Here’s my hot sports (politics) opinion: Barack Obama is being absolutely ridiculous by refusing to negotiate with Republicans on the government shutdown (and soon the debt ceiling as well).

As most of you know, I’m a libertarian and I strongly dislike the policies of almost every president and congressmen that has been elected in my lifetime. I don’t pick sides between Republicans and Democrats because I think both parties support terrible policies.


photo credit: jamesomalley

I’m not going to get into the specific policy disagreements (aspects of Obamacare) that are preventing the two sides from coming to an agreement. I want to address how the president of the United States refuses to engage in political negotiations to end the government shutdown. A lot of websites give slanted views on things, so I like to link you directly to the source. Here is Obama talking about the negotiations.

My summary is this: Obama and Democrats are willing to negotiate only after the budget is passed and the debt ceiling is raised.

So basically, Democrats are only willing to negotiate after Republicans have nothing to negotiate with.

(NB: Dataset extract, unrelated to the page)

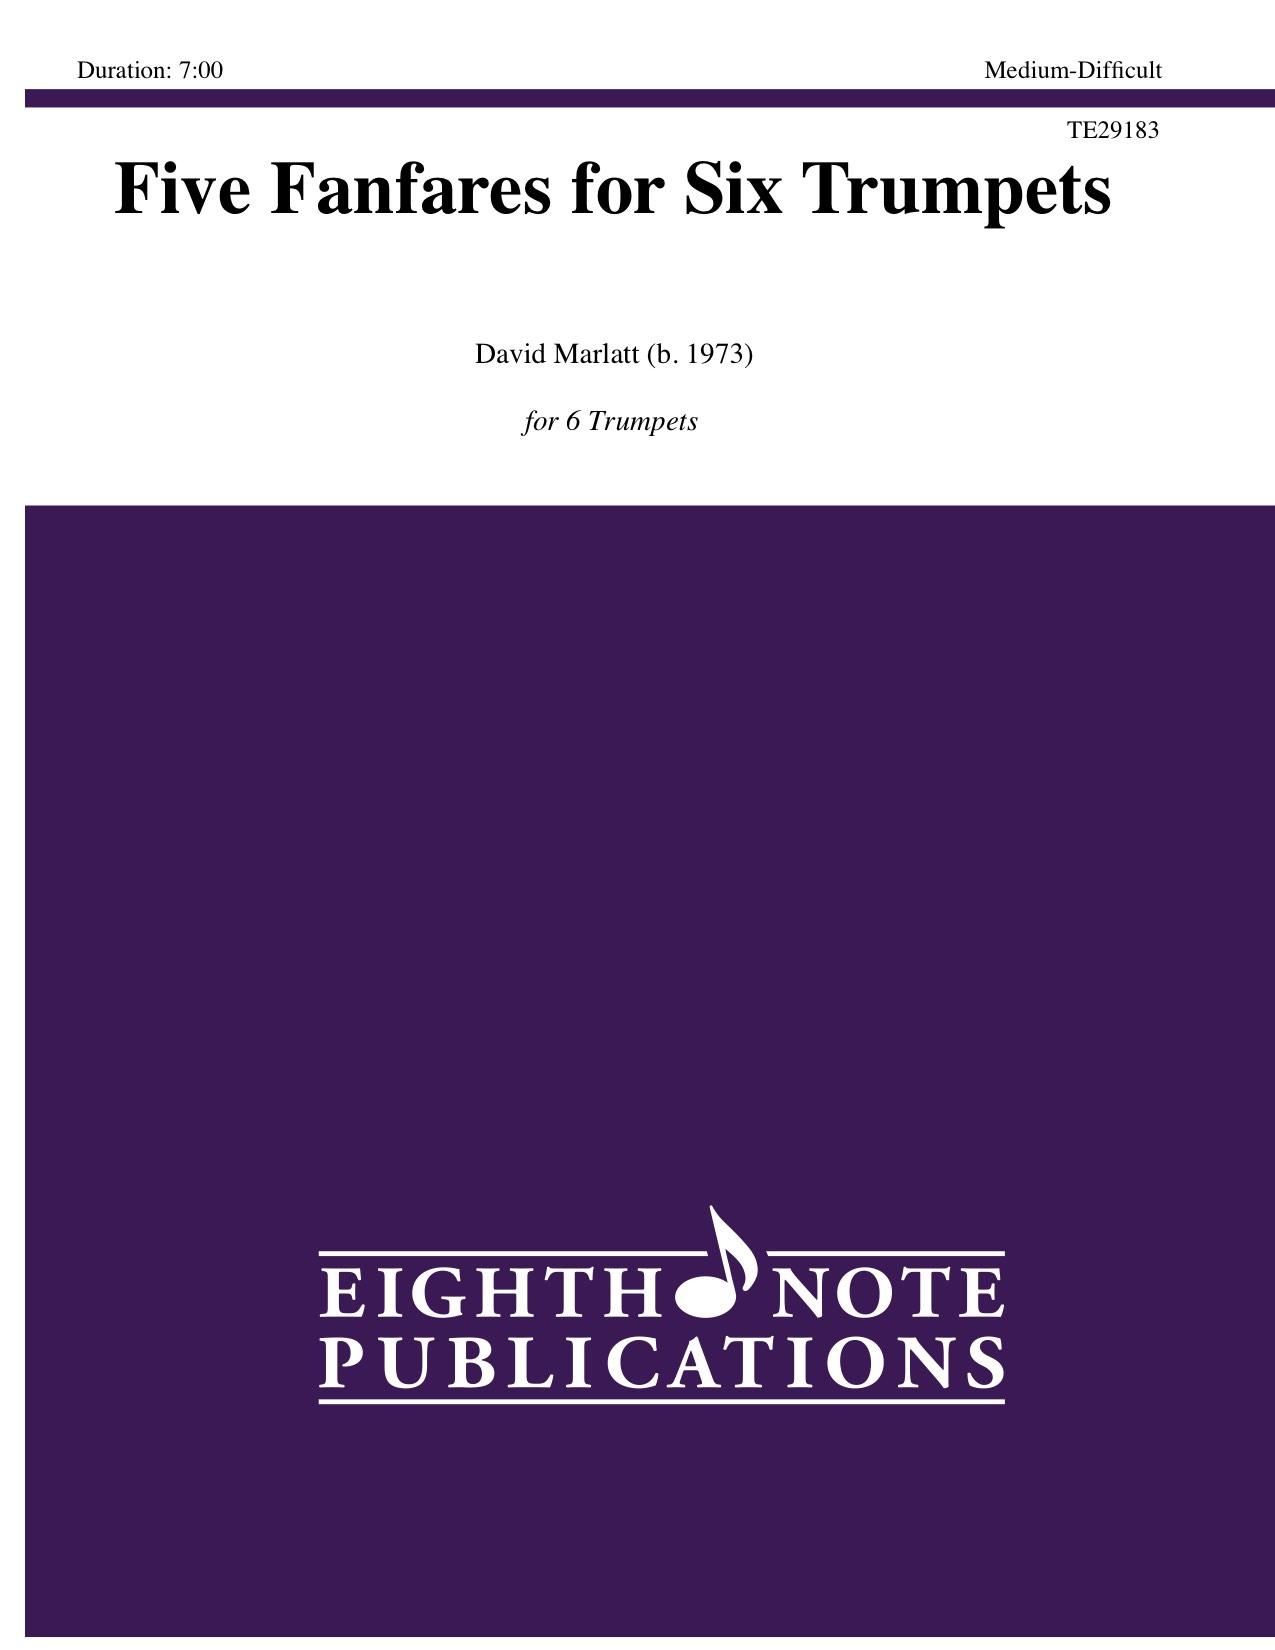 Five Fanfares for Six Trumpets - David Marlatt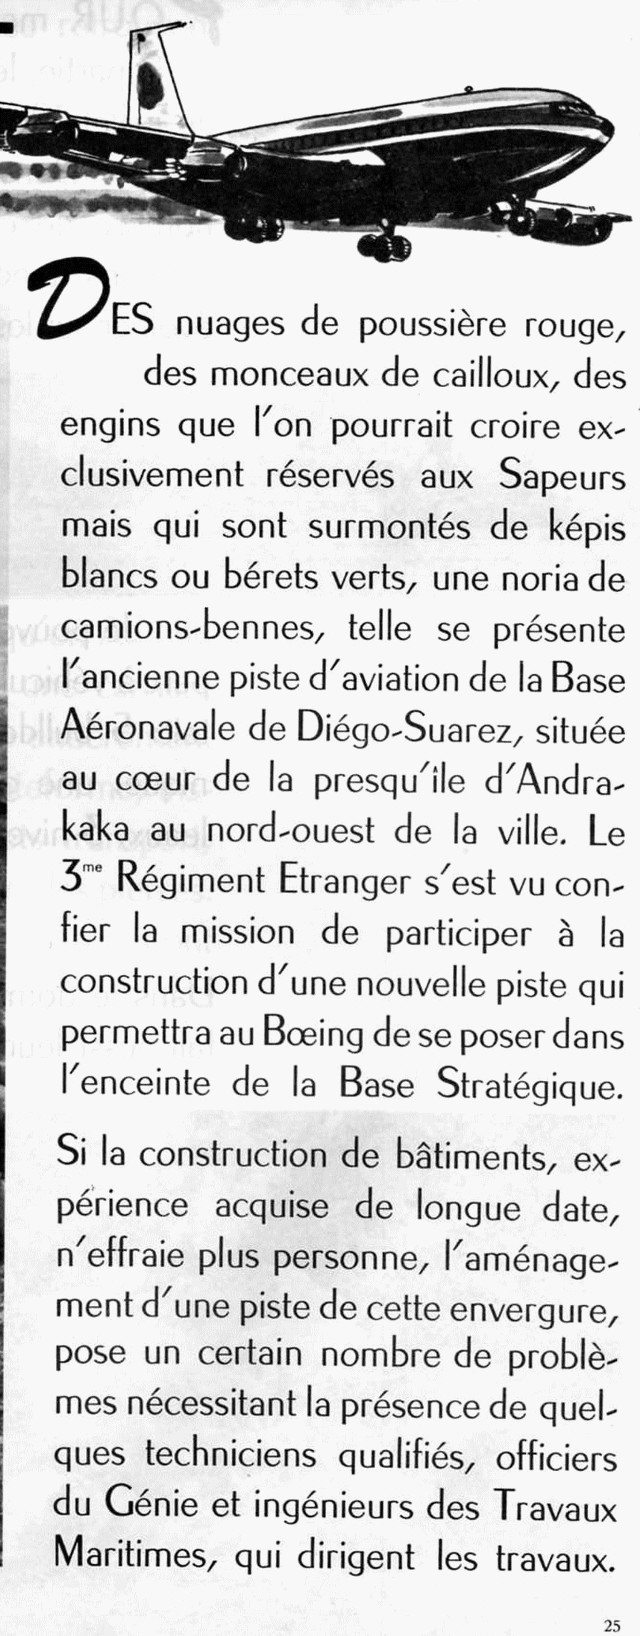 [LES B.A.N.] DIEGO-SUAREZ - ANDRAKAKA - Page 11 Andrak11

Let’s talk about history for a moment. Government shutdowns are not new. In fact, the government shut down many times when Ronald Reagan was president and the speaker of the house was a Democrat. In each of those shutdowns, Reagan and the Democrats engaged in good faith negotiations and came to a deal everyone agreed on.

Someone might say, “Just because this has happened before doesn’t mean it’s right.” I would refer these people to the United States Constitution as opposed to some commentary by Chris Matthews or Sean Hannity.

This Debate Was Planned over 200 Years Ago

Article I, Section 9 of the United States Constitution states, “No Money shall be drawn from the Treasury, but in Consequence of Appropriations made by Law”.

As you can see, the law of the land gives Congress (the branch that makes the laws) the explicit power over deciding how the federal government spends money. This is NOT the power of the president, the supreme court, or commentators on MSNBC or Fox News.

A government shutdown is not some unintended consequence of a poorly thought out system of government; it is an important and essential part of ensuring the government represents the interests of the people.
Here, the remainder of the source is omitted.